Historically, the The MVP-CIEL Concept Dictionary has been delivered to the community through Dropbox and SQL scripts that require implementations to overwrite their existing dictionary. The process of applying updates is manual, cumbersome, and does not allow for local concepts to exist with CIEL concepts. Open Concept Lab has been an invaluable resource for sharing CIEL and other community vocabularies as well as the mappings between them. As the OCL team is working on a "2.0" vision of the open concept lab that is much more GitHub-like in how dictionaries & collections of concepts are managed, KenyaEMR is looking for a better and more sustainable solution for using the CIEL dictionary and applying changes over time.
user-4e734 representing priorities & strategy for OCL
Steven Wanyee representing priorities & strategy for KenyaEMR
Objectives
Milestone 1 - Let KenyaEMR's Dictionary server subscribe to CIEL via OCL, while also creating local concepts
Requirements and Assumptions:
An OCL service will exist in the cloud, that supports fetching a (large) set of concepts through a web service
It has a built-in JSON format. We may request a specific format.
There will be one Kenya concept server on the internet.
Dealing with multiple clients is out of scope for this milestone
Pushing the merged Kenya dictionary to hundreds of Kenya servers is out of scope
Implementation can subscribe to one concept sources (initially, Kenya will subscribe to all of CIEL)
Eventually we need to support subscribing to a subset exposed by OCL
Eventually we need to support subscriptions to multiple sources
Kenya should be able to download monthly updates from CIEL
Implementation can also create local concepts
We must assume that these may have conflicts (e.g. duplicate names)

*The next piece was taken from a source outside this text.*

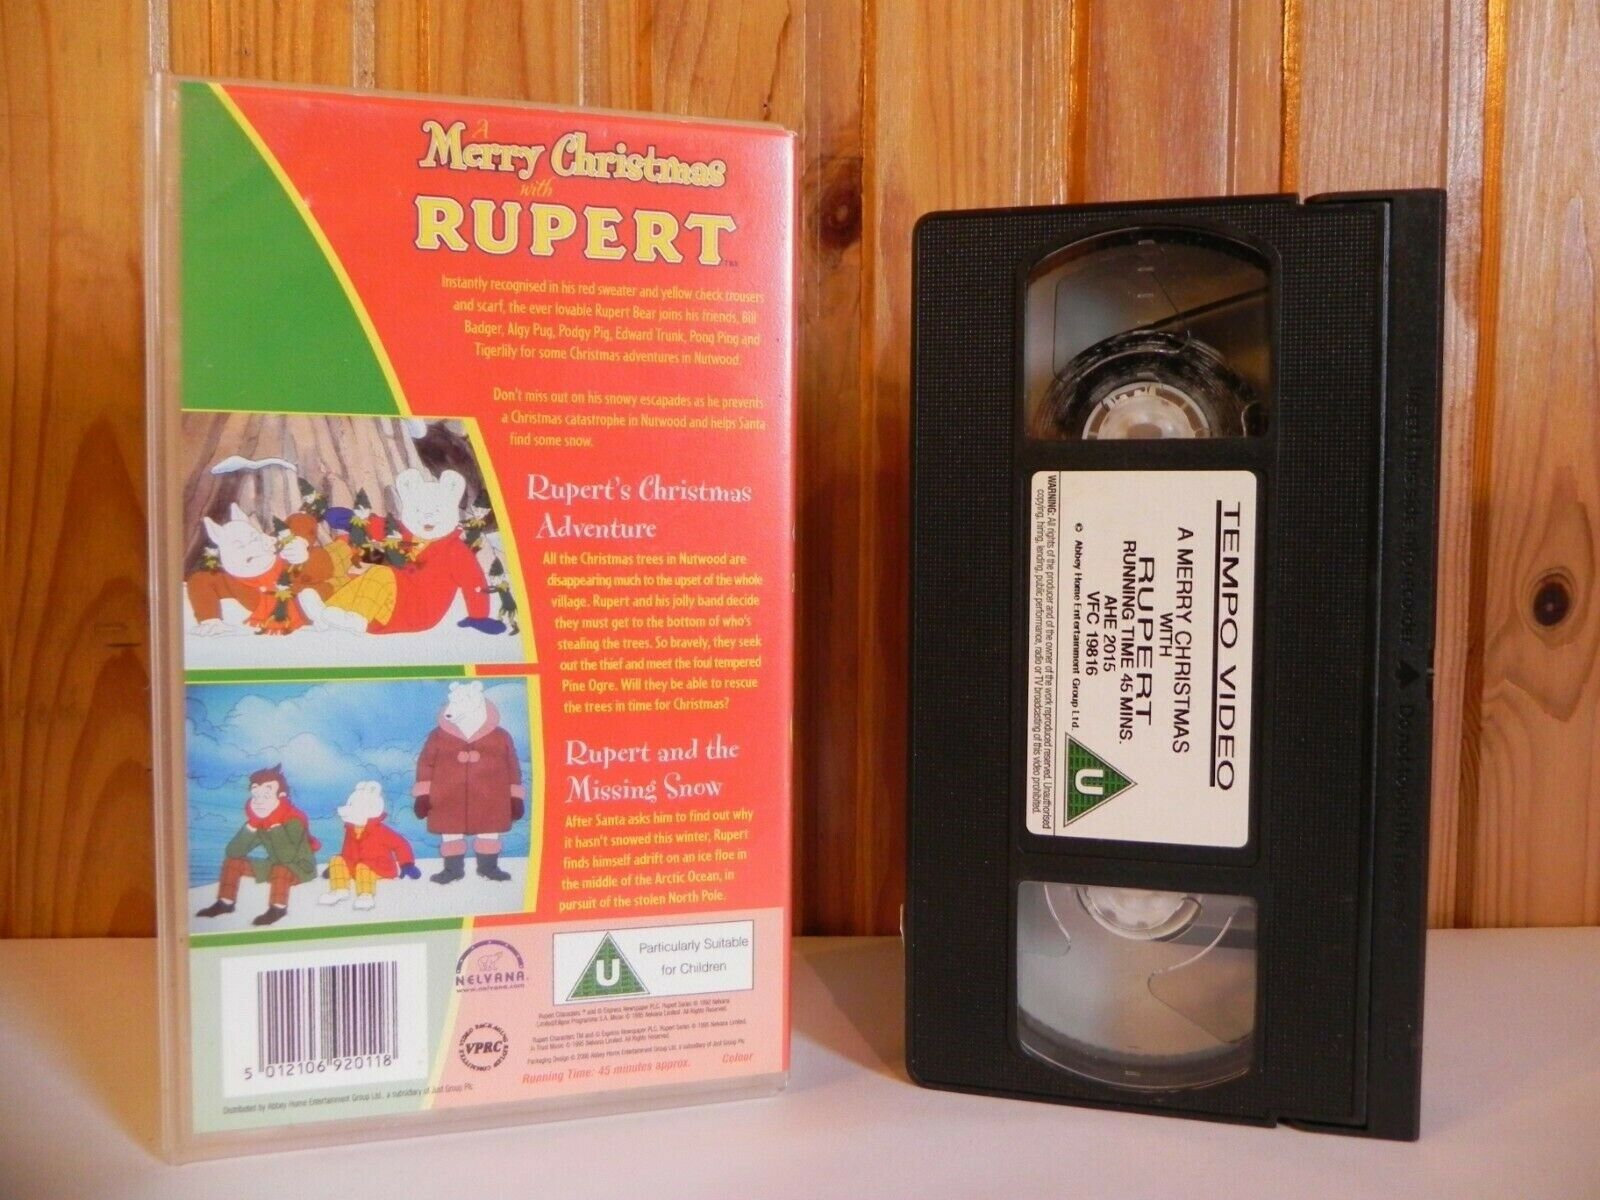 KID'S VIDEO - MERRY CHRISTMAS RUPERT - TEMPO VIDEO - CHILDRENS ANIMATION - VHS-

Assumption: implementation should not edit concepts that have been downloaded from a subscription
If they do, it is fair for us to overwrite these changes next download
Implementation of OpenMRS must be able to access OCL over the network to update the dictionary. There will not be a way to get updates using e.g. a zipped file.
Current status:
The Open Concept Lab module has been released as 2.0-beta and is currently being tested.
Import the full CIEL dictionary into KenyaEMR distribution: import completed in 564 minutes 14 seconds
We chose to use OCL API and format provided by OCL instead of requiring from OCL to return format defined by OpenMRS. This implies that on the OpenMRS side we have to create concepts from data provided by OCL and we will be responsible for adjusting the conversion in case any changes to OCL API are made.
Concepts from different sources may not conform all OpenMRS validation rules for example they can have duplicate names across sources. Our approach is to import new concepts and updates that are valid against a local database and list the rest for manual fixes. Fixes must be done on the OCL side for concepts coming from OCL and in the local database for local conflicting concepts. It also means that if a valid concept references an invalid concept as an answer, the valid concept will not be imported as it cannot be fully created.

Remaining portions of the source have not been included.